- WHAT THIS TASK INVOLVES -
Retype nothing except the lines below from the one with "04257061f6b Marvel® Official" through the one with "Wedding Cup Cakes .jpg", exactly, with images left out.

- MATERIALS PROVIDED -
::::

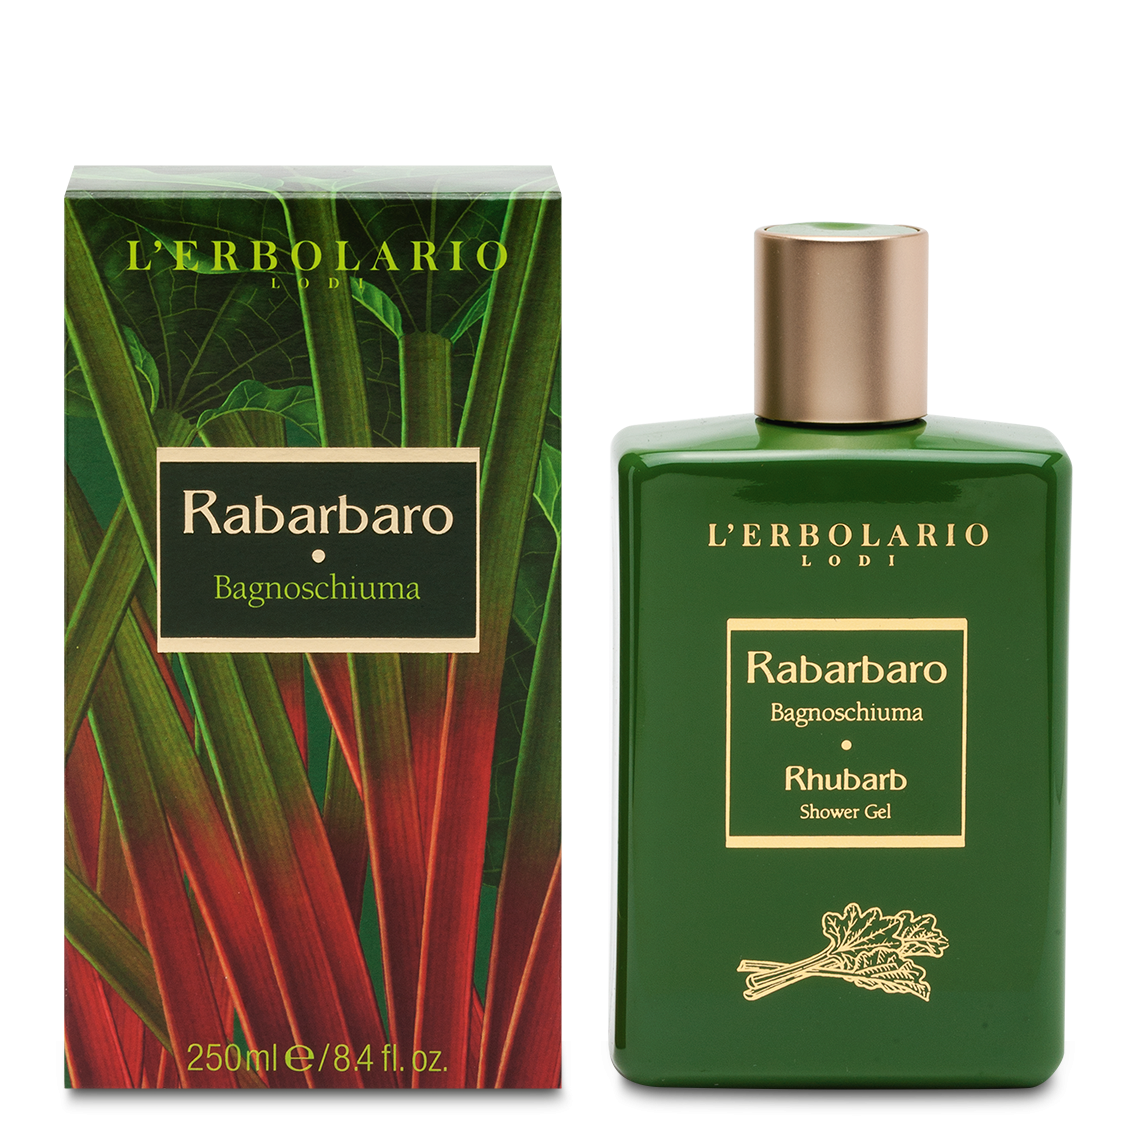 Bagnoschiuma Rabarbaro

::::

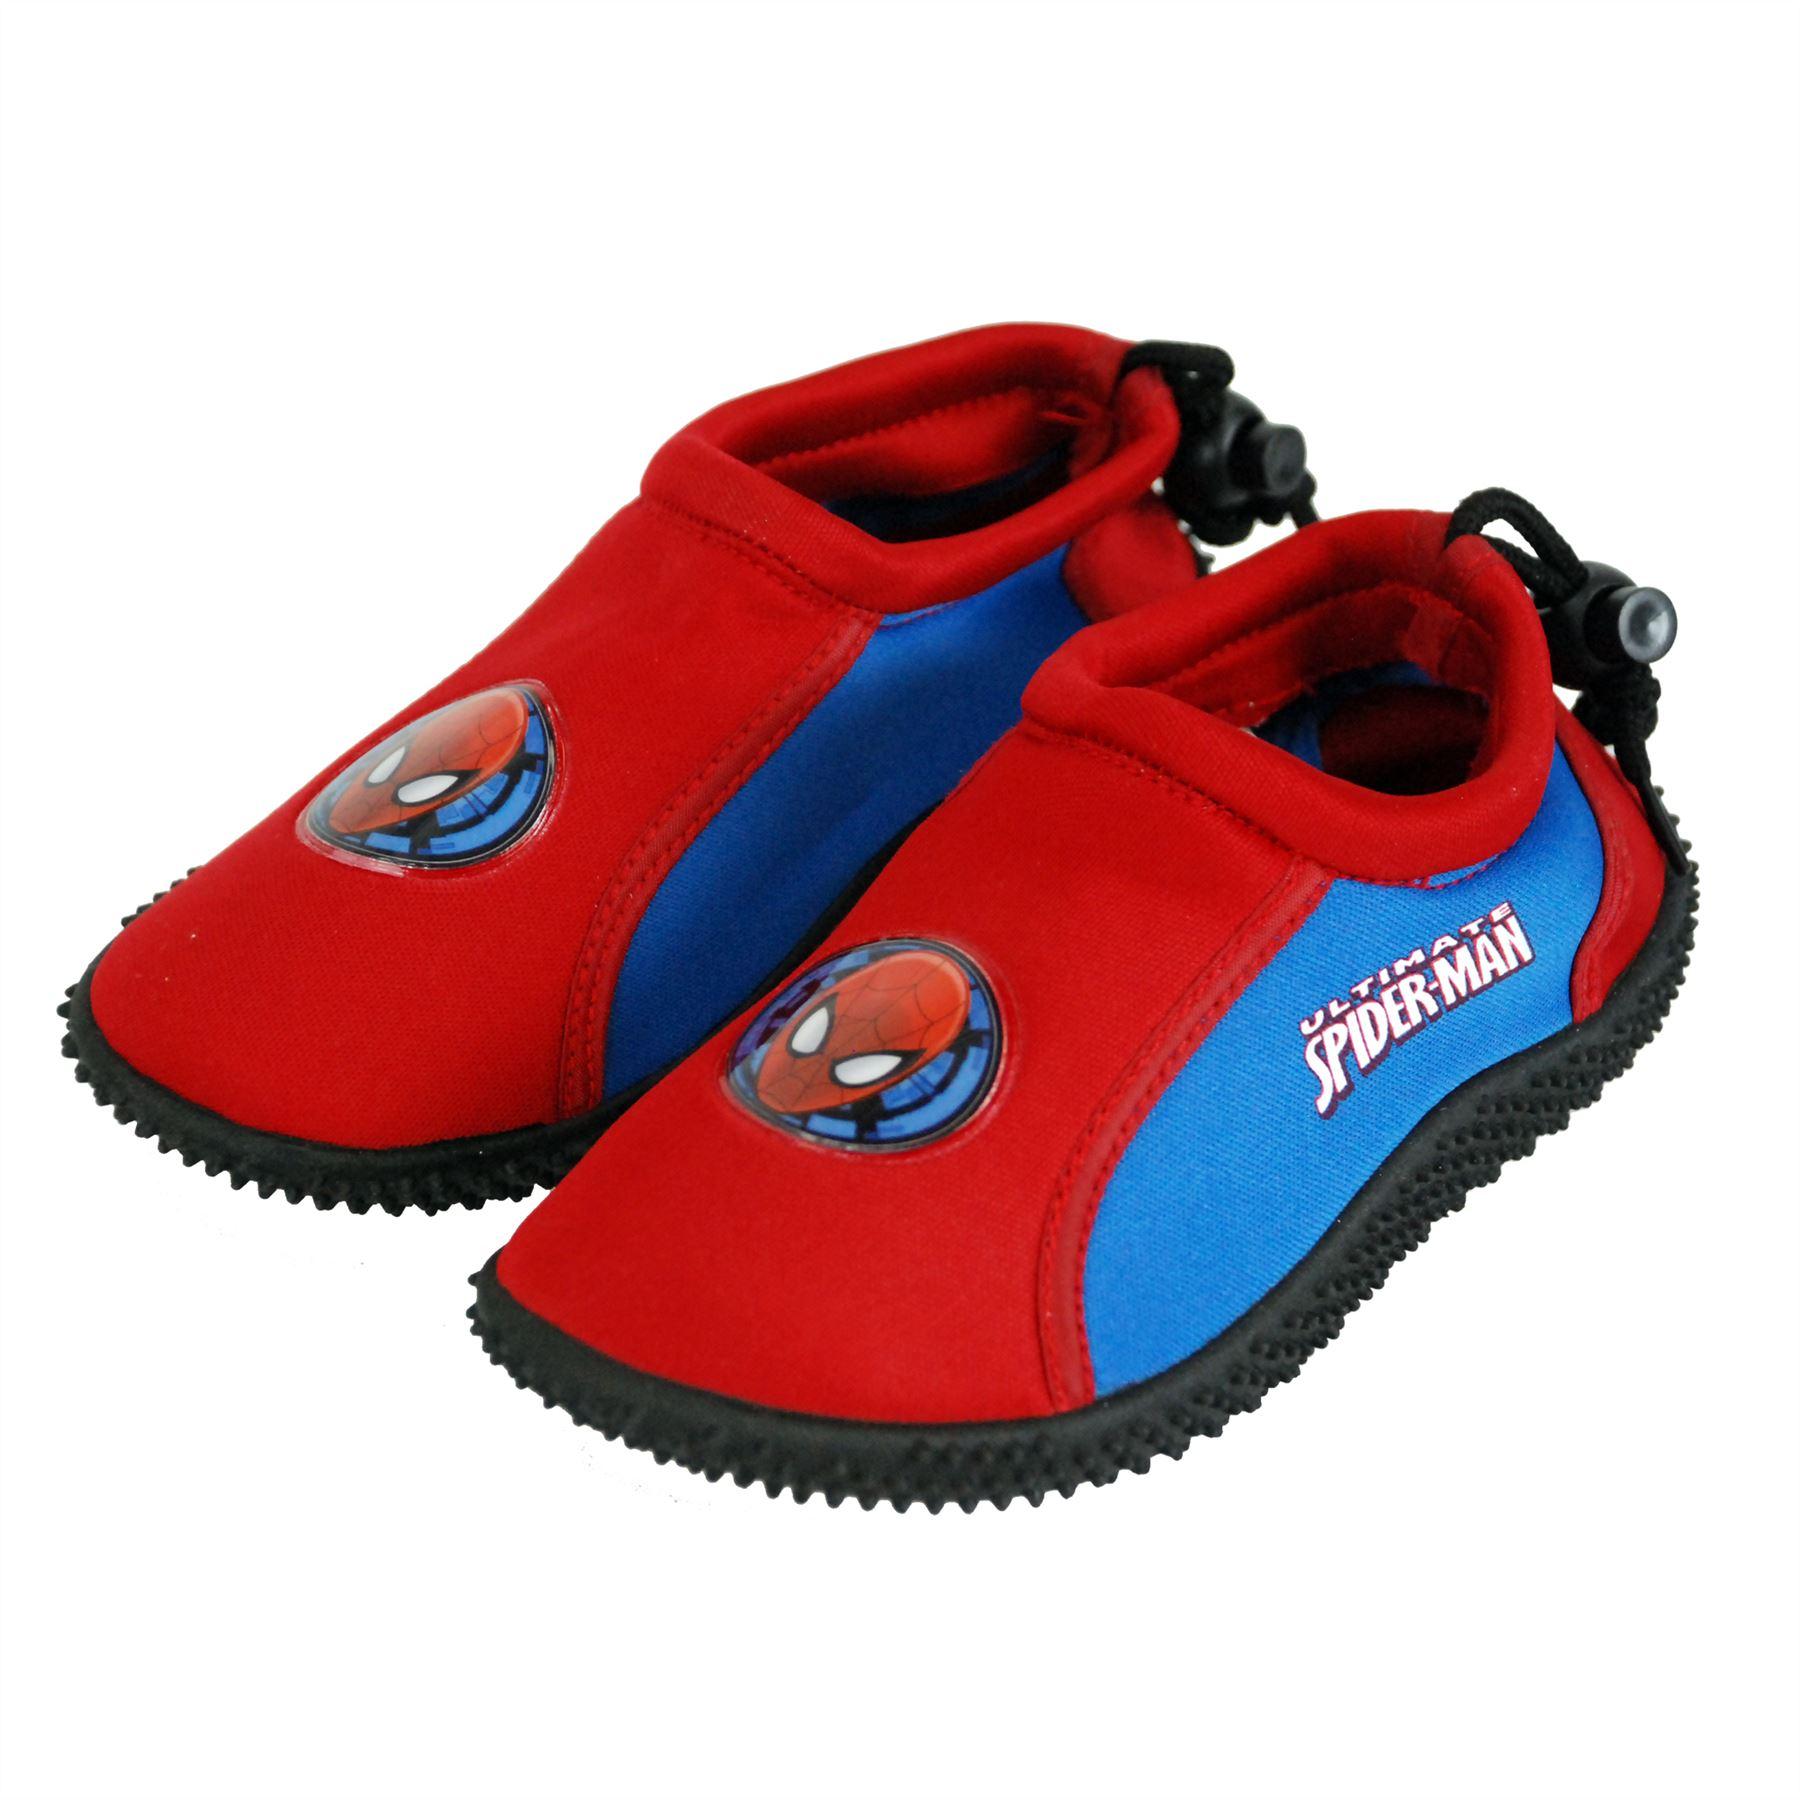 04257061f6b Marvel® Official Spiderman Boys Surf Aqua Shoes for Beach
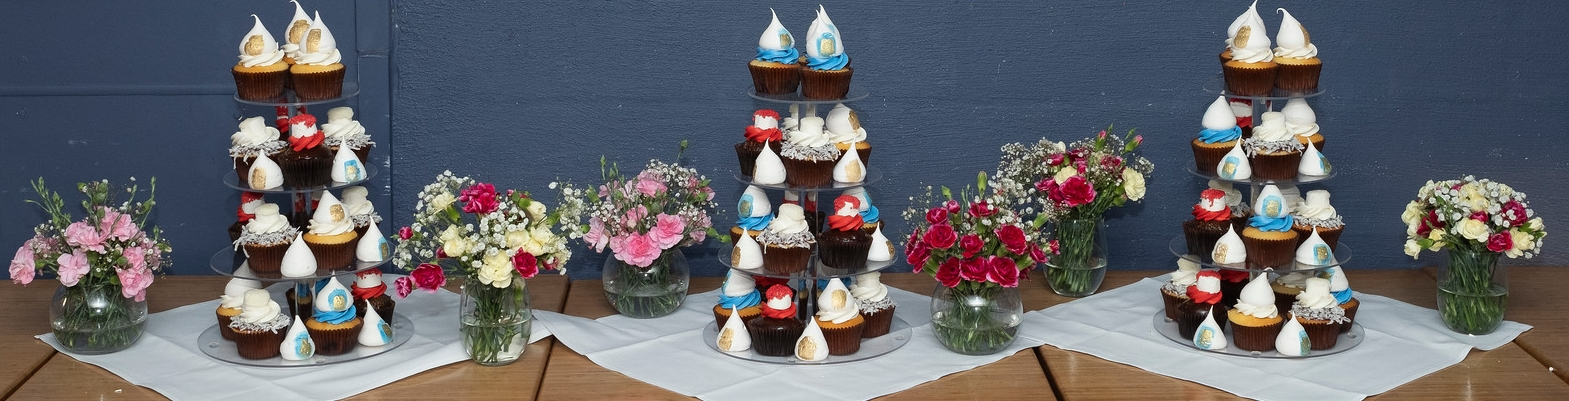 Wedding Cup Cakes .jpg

::::

- TASK OUTPUT -
 04257061f6b Marvel® Official Spiderman Boys Surf Aqua Shoes for Beach
 Wedding Cup Cakes .jpg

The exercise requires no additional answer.